[[ Recorded information, beginning ]]
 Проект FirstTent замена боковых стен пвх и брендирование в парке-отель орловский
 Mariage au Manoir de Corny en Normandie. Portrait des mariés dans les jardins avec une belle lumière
[[ Recorded information, end ]]
[[ Recorded information, beginning ]]
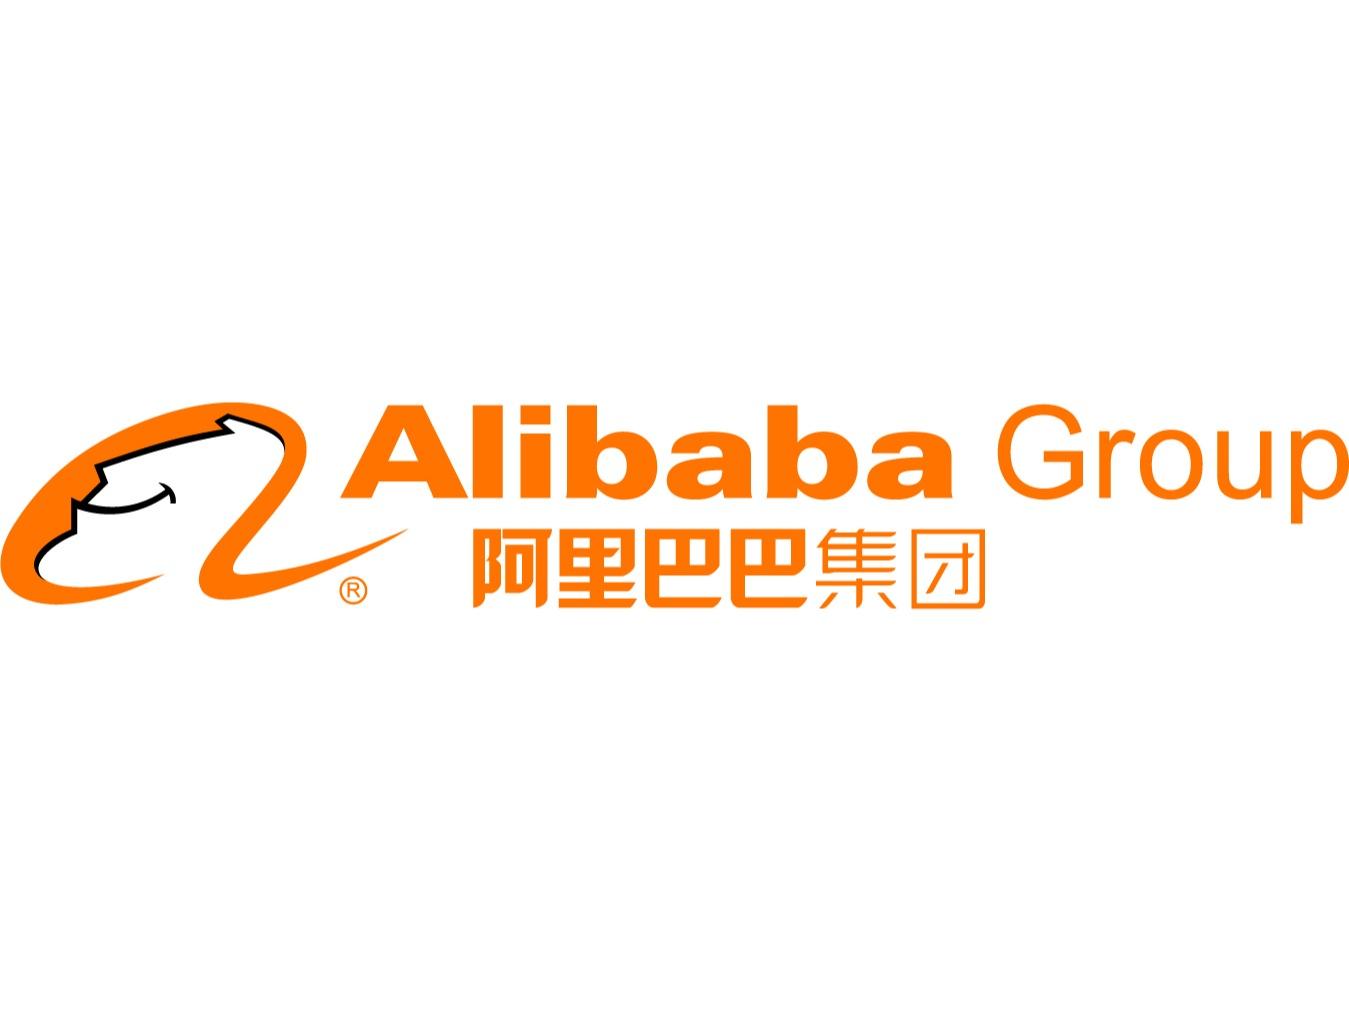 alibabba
[[ Recorded information, end ]]
Could you restate word for word the lines above, from the one that contains "Проект FirstTent замена" through the one that contains "Mariage au Manoir", and no others?

 Проект FirstTent замена боковых стен пвх и брендирование в парке-отель орловский
 Mariage au Manoir de Corny en Normandie. Portrait des mariés dans les jardins avec une belle lumière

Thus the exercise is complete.